The same happened to Germans during the war, as it had happened to them during the First World War. Germans make up the one of the largest white ethnic groups in the country. In response to the outbreak of war with Germany, there was an effort to Americanize things, like changing the pronunciation of the city of New Berlin, calling sauerkraut victory cabbage, or changing the names of buildings. Das Deutsch Haus in Indianapolis renamed The Athenaeum.
Today, it is home to The Rathskeller, a German restaurant. Originally, it was a hub of social activity for the local German community. Kurt Vonnegut’s grandfather's architecture firm designed both wings of it.
Two Italian anarchists, Nicola Sacco and Bartolomeo Vanzetti were put on trial and executed for their alleged role in the murders and robbery of a shoe factory paymaster and a guard. Evidence of wrongdoing was mostly circumstantial.

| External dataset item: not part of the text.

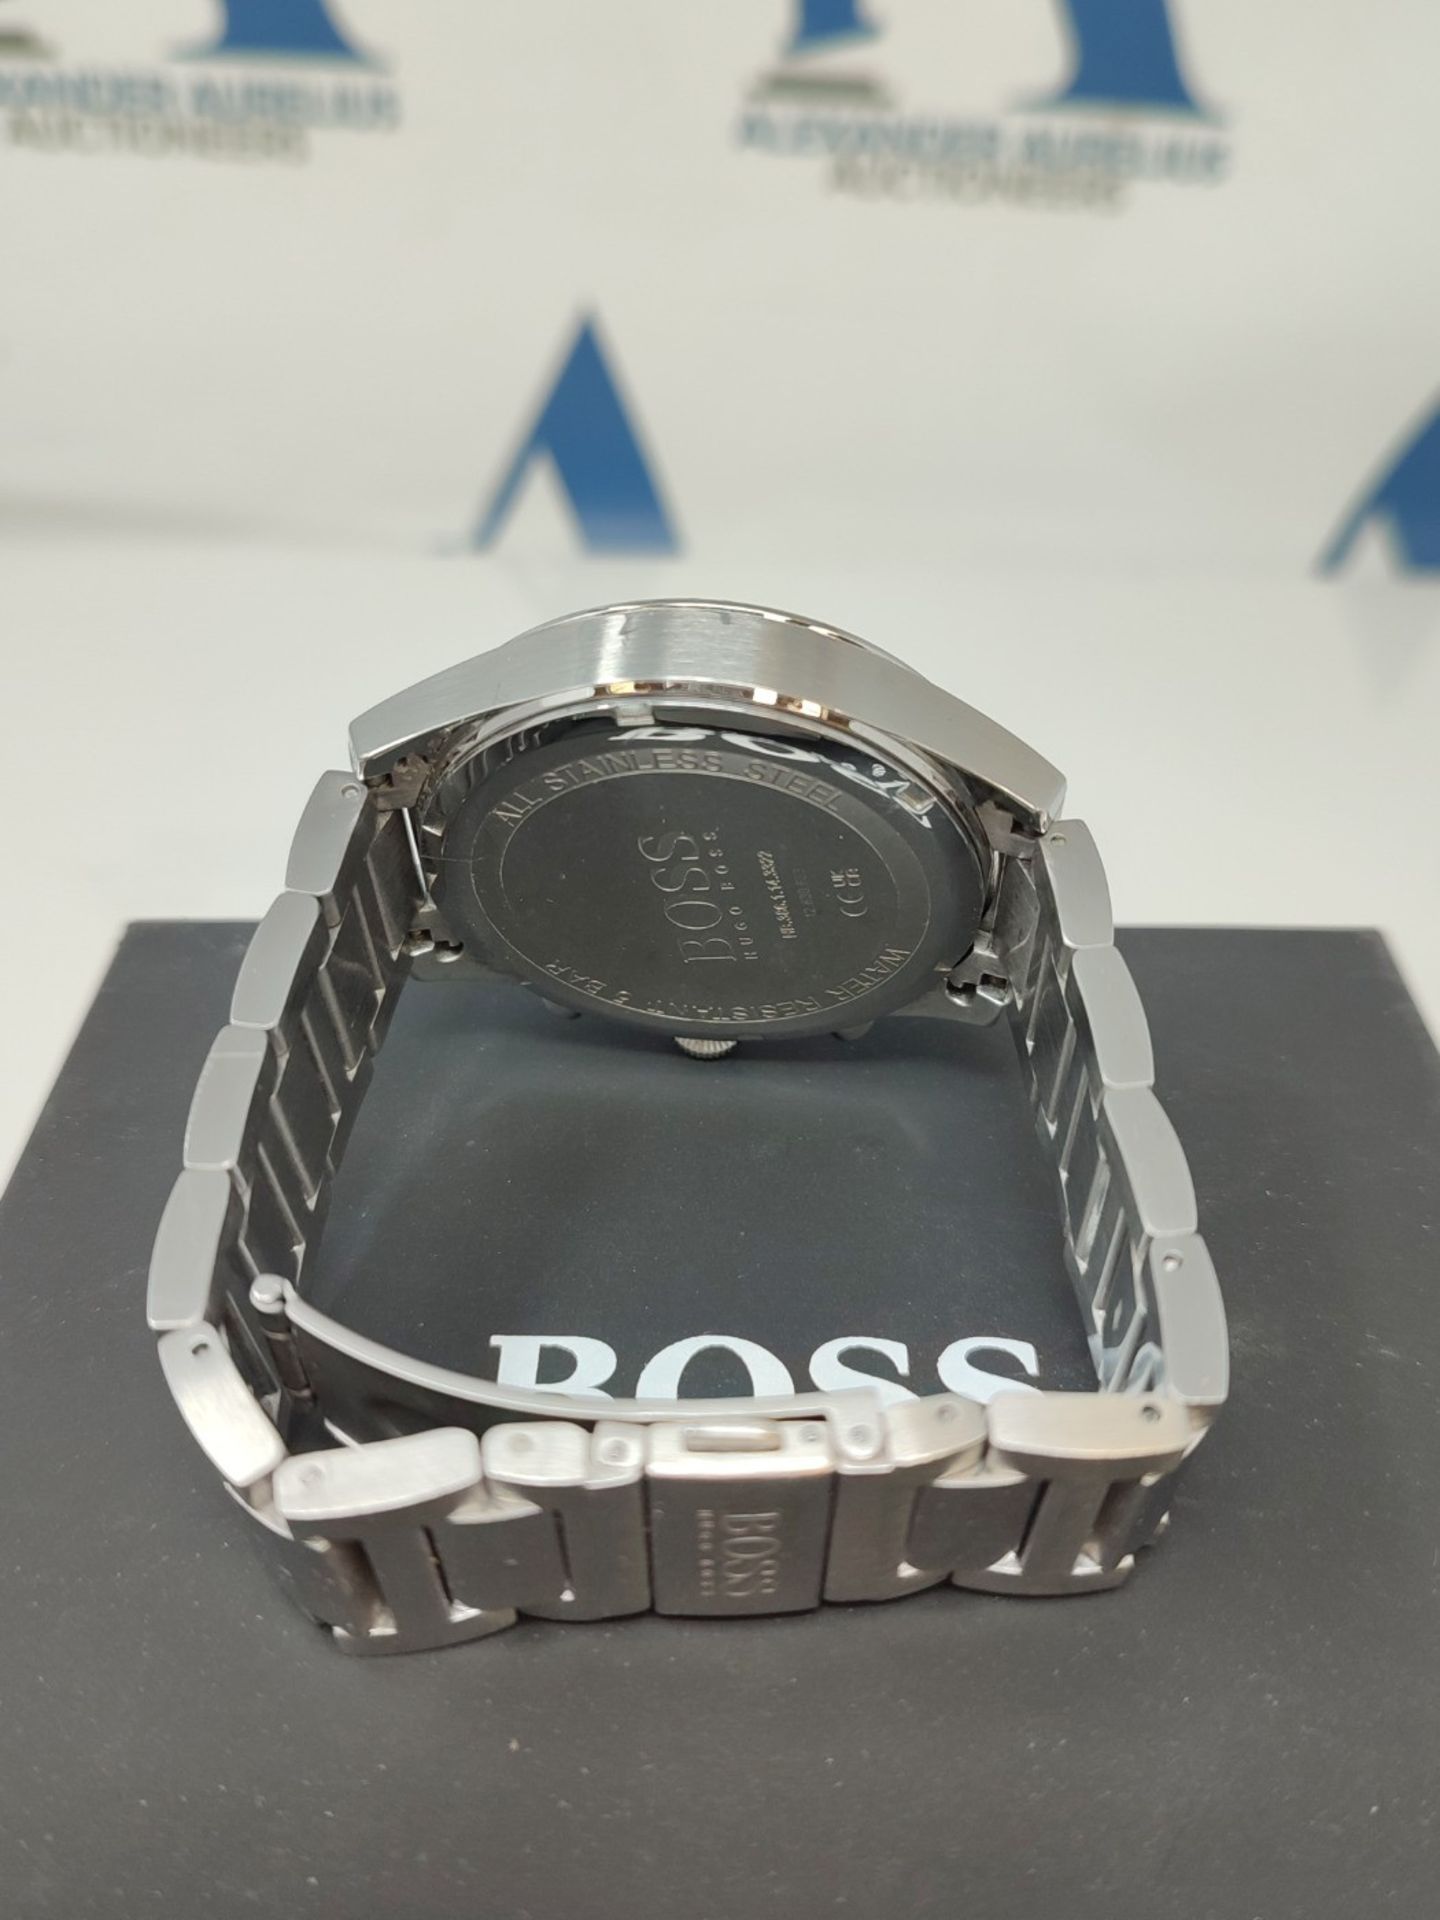 RRP £249.00 BOSS Chronograph Quartz Watch for Men with Silver Stainless Steel Bracelet - 1513712 - Image 6 of 6

“There was plenty of reason to doubt that Sacco and Vanzetti had actually committed the crimes. The money was never recovered and neither suspect had a criminal record. Plus, another known criminal confessed to the crime. But, despite seven appeals, their request for new trial was rejected in October of 1926, and the two were sentenced to death in April of 1927. Temkin notes that it’s impossible to say for sure a century later, but that the idea that they were behind the murders just doesn’t line up.” - Sacco and Vanzetti Were Executed 90 Years Ago. Their Deaths Made History by Olivia B. Waxman for Time.
Though there was some later ballistics evidence that suggested the bullet was fired from Sacco’s gun, there doesn’t seem to be a consensus on that.
After their final appeal was rejected, Vanzetti was quoted in the New York World.
“If it had not been for these thing[s], I might have live[d] out my life, talking at street corners to scorning men. I might have die[d], unmarked, unknown, a failure. Now we are not a failure. This is our career and our triumph. Never in our full life can we hope to do such work for tolerance, for justice, for man’s understanding of man as we now do by dying. Our words, our lives, our pains — nothing! The taking of our lives — lives of a good shoemaker and a poor fish peddler — all! That last moment belongs to us — that agony is our triumph.”
The government intended to make an example of Sacco and Vanzetti, much like they did later with Julius and Ethel Rosenberg.
The Rosenbergs were given an opportunity to save their lives by turning in others, but they refused. A notable thing, because Ethel’s own brother had testified against her to save his life and that of his wife. While Ethel was a communist, there was no evidence to support her engaging in espionage; it was assumed she was the ringleader because she was older than her husband.
“By asking us to repudiate the truth of our innocence, the government admits its own doubts concerning our guilt… we will not be coerced, even under pain of death, to bear false witness,” said the Rosenbergs in a public statement.
Declassified documents did show that Julius had been a spy for the USSR, but he had not done what he had been accused of: passing on atomic secrets. Julius was a small fish in the grand scheme of things, but an example had to be made. Anti-communism sentiment was at an all-time high, and that’s why the Rosenbergs were slated for execution.
These are some of the many stains on American History: miscarriages of justice made all the more shameful by the behavior of those with an ethnicity or culture in common with those executed. They are content to let such wrongs happen again and again rather than prevent such injustice from befalling others. Never again should mean never again for everyone. Until we can rise above our own selfishness and unite with all oppressed people, these historical moments will recur over and over again. First as tragedy, subsequent times as farce.